Quality Engineer - Exempt

Join our team in North Haven, CT, a vibrant community offering a perfect blend of suburban charm and easy access to urban amenities. As a key member of our design quality team for Sutures & Polymers, you will play a crucial role in maintaining and enhancing our quality and reliability standards. This position requires on-site work at least four days a week.

• Assess design, manufacturing, process, and supplier changes.
• Review validation and verification documentation and provide feedback.
• Perform Design Failure Modes Effect Analysis (DFMEA).
• Complete risk assessments for proposed changes.
• Perform and support root cause analysis for product complaints.

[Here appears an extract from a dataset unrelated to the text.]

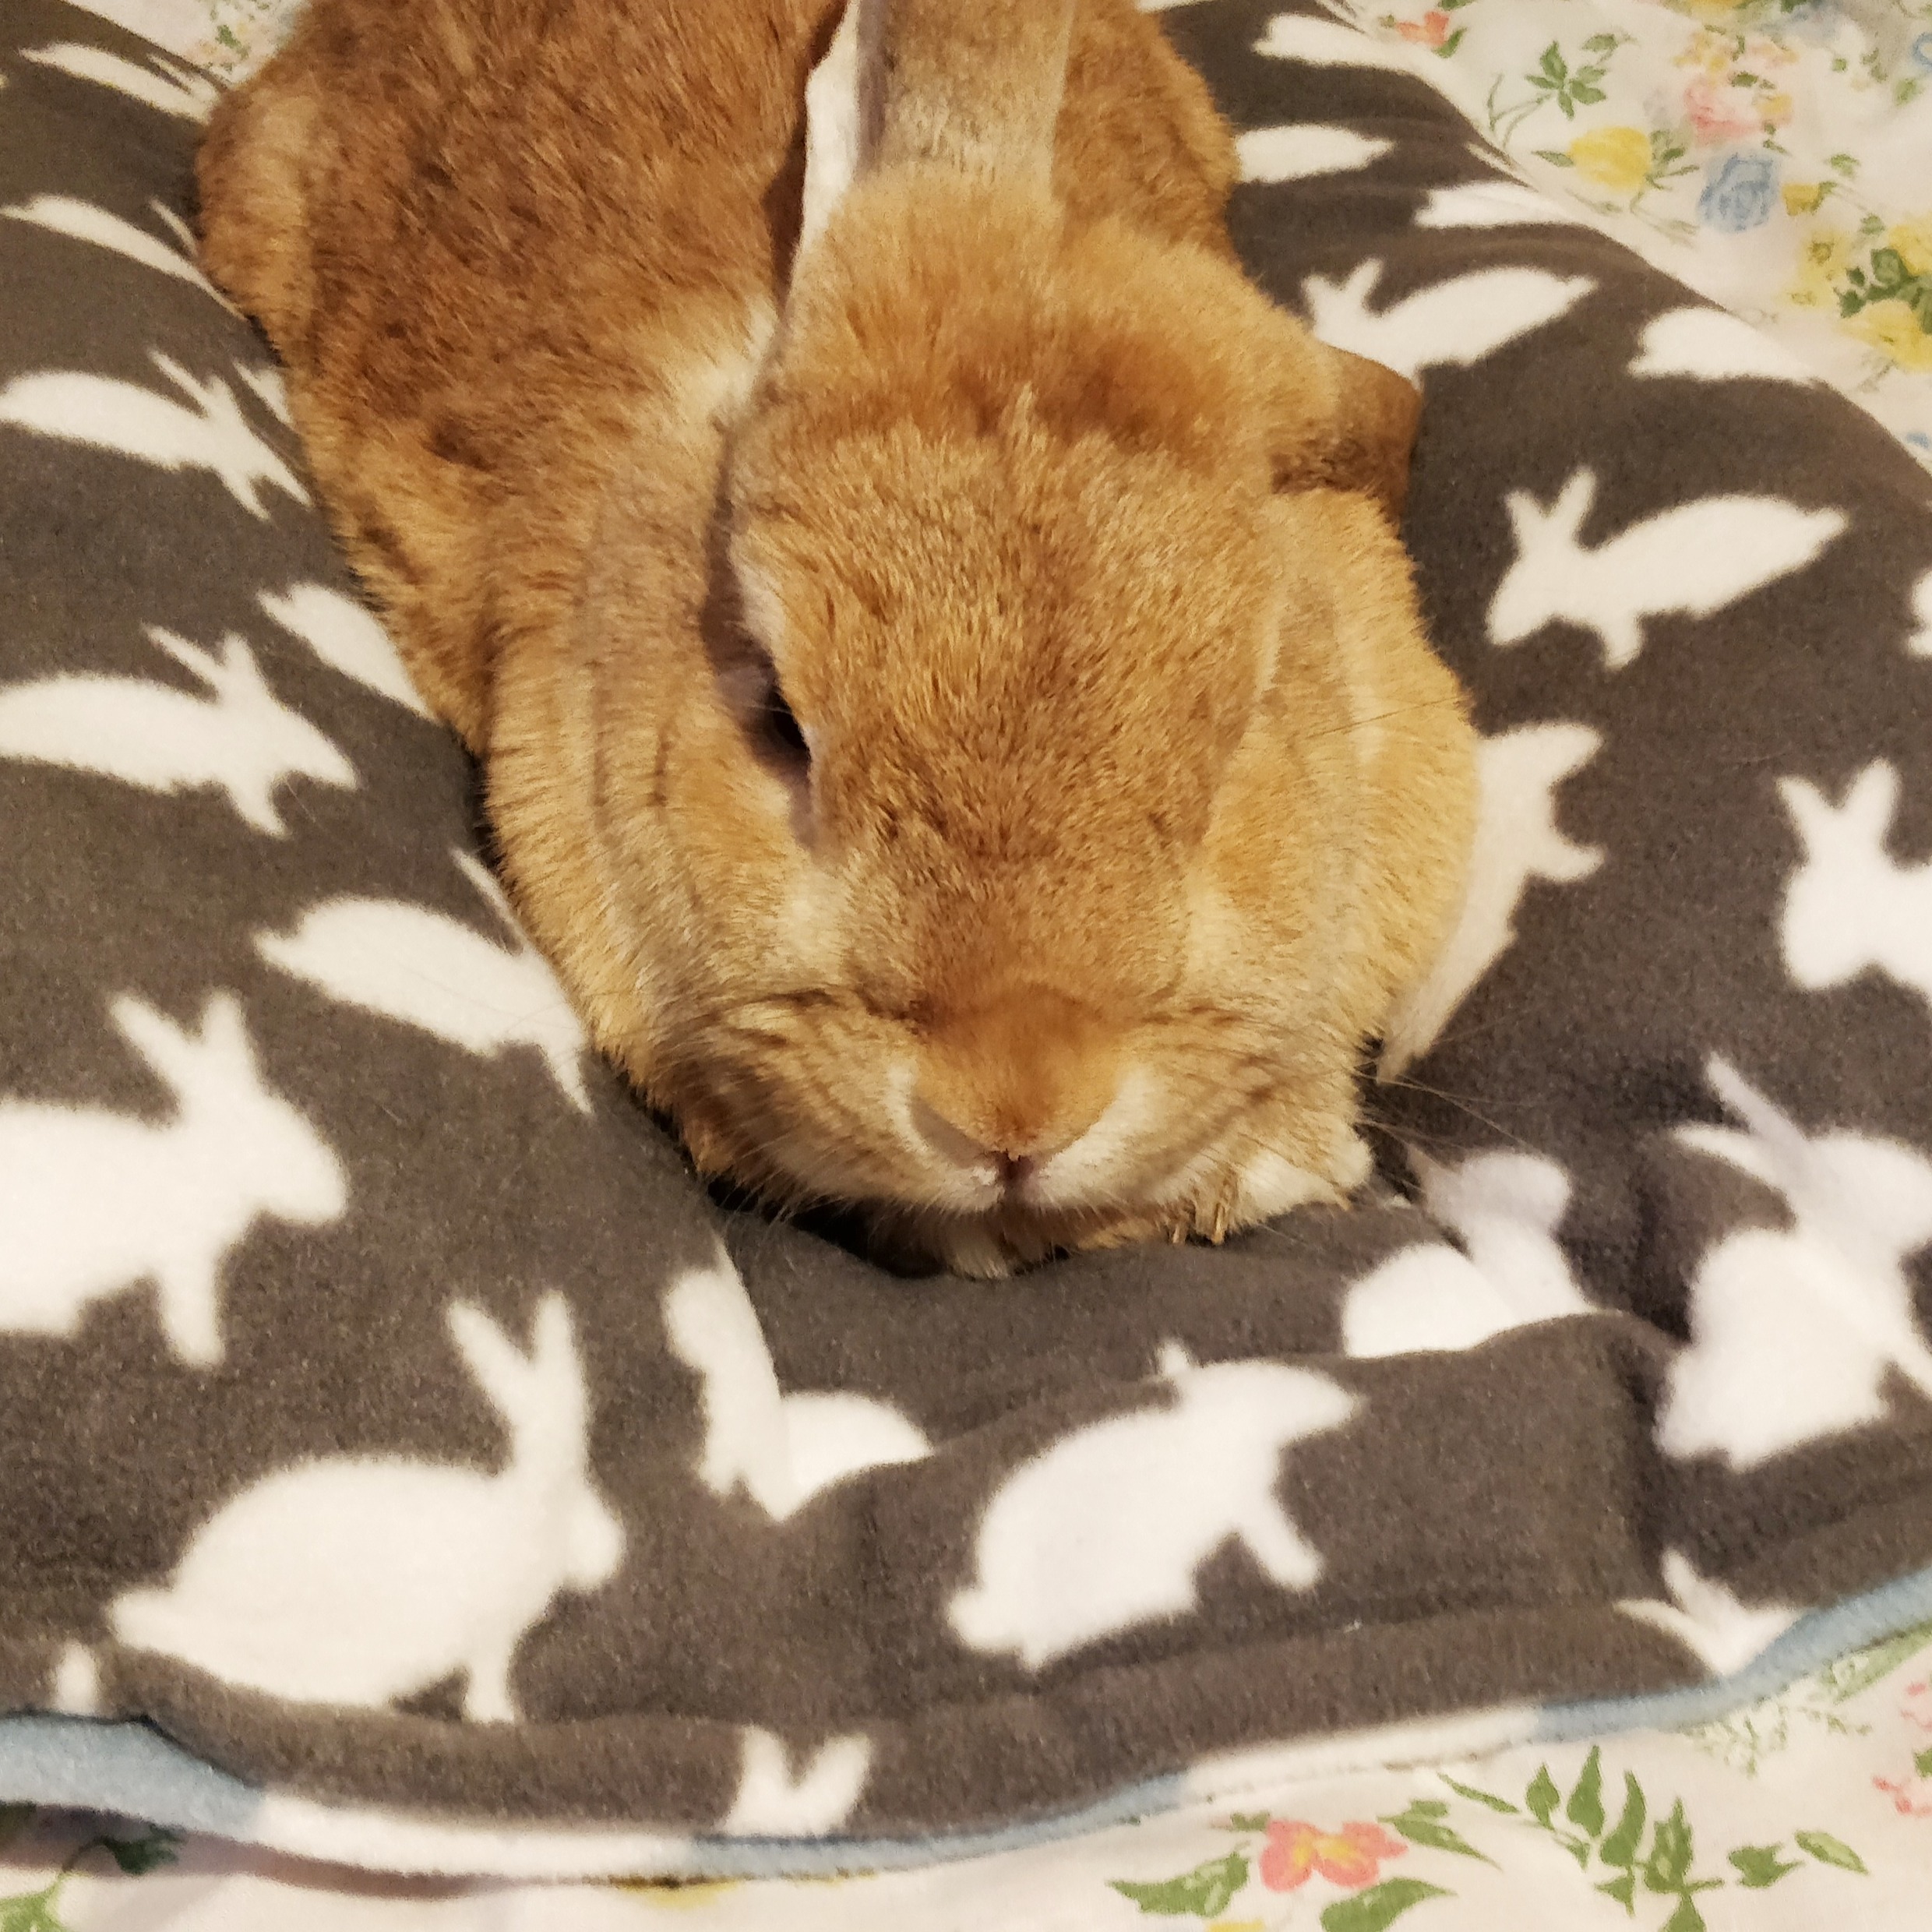 Relaxed Bunny

• Develop, modify, apply, and maintain quality standards and protocols for processing materials into partially finished or finished products.
• Collaborate with engineering and manufacturing functions to ensure quality standards are in place.
• Devise and implement methods and procedures for inspecting, testing, and evaluating the precision and accuracy of products and production equipment.
• Design or specify inspection and testing mechanisms and equipment; conduct quality assurance tests; and perform statistical analysis to assess costs and determine responsibility for products or materials that do not meet required standards and specifications.
• Ensure corrective measures meet acceptable reliability standards and that documentation is compliant with requirements.
• May specialize in design, incoming material, production control, product evaluation and reliability, inventory control, and/or research and development as they apply to product or process quality.

0-2 years of experience required, with skills including but not limited to communication, critical thinking, collaboration, and attention to detail.

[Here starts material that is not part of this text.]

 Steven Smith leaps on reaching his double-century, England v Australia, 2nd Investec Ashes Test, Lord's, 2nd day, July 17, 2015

• Experience in the medical device industry or another highly regulated environment.
• Working knowledge of quality systems, risk management, and design controls.
• Strong written and verbal communication skills, including technical writing.
• Experience supporting released medical device products.
• Hands-on experience with DFMEA, risk management files, and design change quality reviews.
• Knowledge of medical device lifecycle requirements, including design, manufacturing, distribution, and obsolescence.
• Experience collaborating with cross-functional teams to resolve quality issues and implement process improvements.
• Familiarity with continuous improvement methodologies and root cause analysis techniques.

Work hours are approximately 9am-5pm EST. The interview process will involve one video call (Microsoft Teams) with behavioral-based questions.